The California Public Utilities Commission approved a major rate hike for Southern California Edison on Thursday, much of which will pay for the utility’s plan to install 4,500 miles of insulated wire in high-risk areas to prevent its equipment from igniting wildfires.

The proposal would be the largest rollout of overhead covered conductor so far in the state’s efforts to prevent catastrophic blazes. The CPUC approved $3.3 billion in spending on SCE’s Wildfire Mitigation Programs, nearly $2 billion of it for the covered conductor project.

“The Wildfire Covered Conductor Program is SCE’s primary grid hardening wildfire mitigation solution in this [general rate case], representing over 90% of SCE’s capital expenditure forecast for wildfire management,” Administrative Law Judge Sophia Park wrote in her proposed decision, which commissioners unanimously adopted.
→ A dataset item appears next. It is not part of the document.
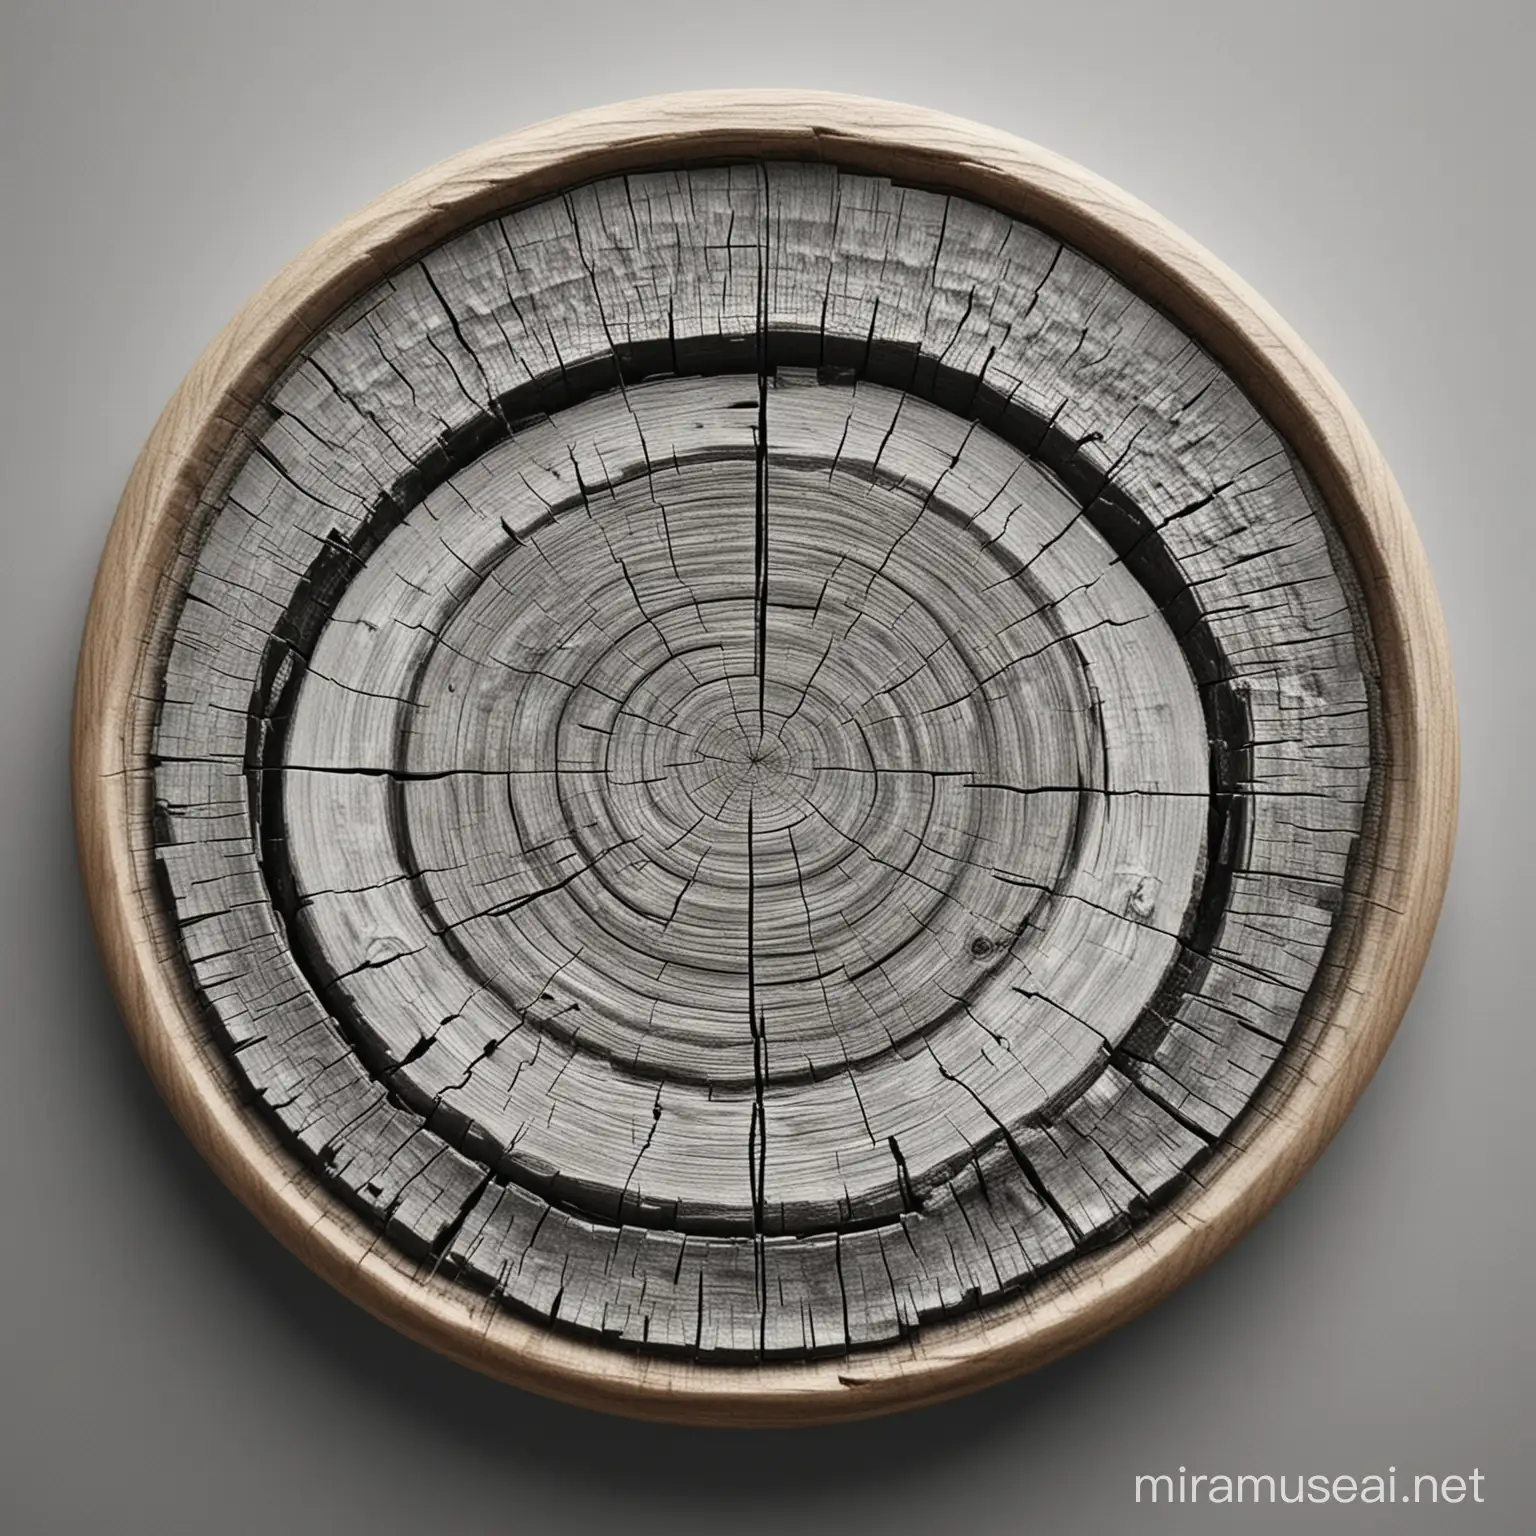 a circular cut of wood,  with the rings of growth, that i can use to input an icon. Black and white style

In its rate case, SCE sought to deploy 6,272 cumulative miles of covered conductor between 2019-2023, or 60% of its overhead conductor circuit miles, in its Tier 2 and Tier 3 high fire-risk areas at a total cost of $3.4 billion, Park noted.

The Utility Reform Network and others objected to the proposal as unnecessarily costly and expansive.

In response, Park scaled back SCE’s proposal to 4,500 circuit miles.

“The deployment of 4,500 circuit miles would address 98% of the wildfire risk in SCE’s [high fire-risk areas] at a cost that is $1.5 billion less than SCE’s request,” she wrote.

SCE-Insulated-Transmission-Line-(Elisa-Ferrari-SCE)-Alt-FI.jpg
Insulated lines run above an arid, fire-prone landscape in SCE’s service territory. | Elisa Ferrari/SCE

Park allowed that more might be better, and the CPUC said in a statement following the vote that SCE could increase its covered conductor deployment if needed, subject to further review.

“This proceeding created the opportunity for the CPUC to make strategic decisions on the future of Southern California Edison’s capital investments, including grid modernization … and safety investments in response to climate change risks such as wildfires,” lead Commissioner Genevieve Shiroma said in the statement.

Lines and Fires

The effort to harden the state’s grid against wildfires has grown urgent following years of immense and highly destructive blazes started by power lines. The Camp Fire in November 2018, ignited by a fallen Pacific Gas and Electric transmission line, was the deadliest and most destructive on record.

A tree falling on an uninsulated PG&E line is suspected of starting the Dixie Fire, the second largest wildfire in state history, which is still burning in the Sierra Nevada of Northern California after more than a month. As of Thursday, the fire had grown to more than 678,000 acres and was 35% contained. It has destroyed 1,217 structures and threatens thousands more homes, the California Department of Forestry and Fire Protection reported.

PG&E, too, has plans to install insulated wires in the tinder-dry foothills and coastal ranges of its vast service territory. Its 2021 wildfire mitigation plan called for 180 miles of new covered conductor. (See PG&E Files Wildfire Plan Under Intense Scrutiny.)

Last year the CPUC approved an SCE proposal to install 600 miles of covered conductor, which at the time was unprecedented. The utility estimated the cost at $428,000 per circuit mile, including replacing wooden poles with stronger composite ones and installing fiberglass crossarms as needed. (See CPUC OKs Largest Rollout of Covered Conductor.)

To allow SCE to work toward its new goal of 4,500 circuit miles, the CPUC approved a nearly 8% increase in the utility’s 2021 general rate case and authorized a revenue requirement of $6.9 billion for operations and investments. The amount was $730 million less than what SCE had requested and will result in an average increase of about $12 in residential customers’ bills.

The decision excluded $131 million in executive pay and bonuses that the company requested.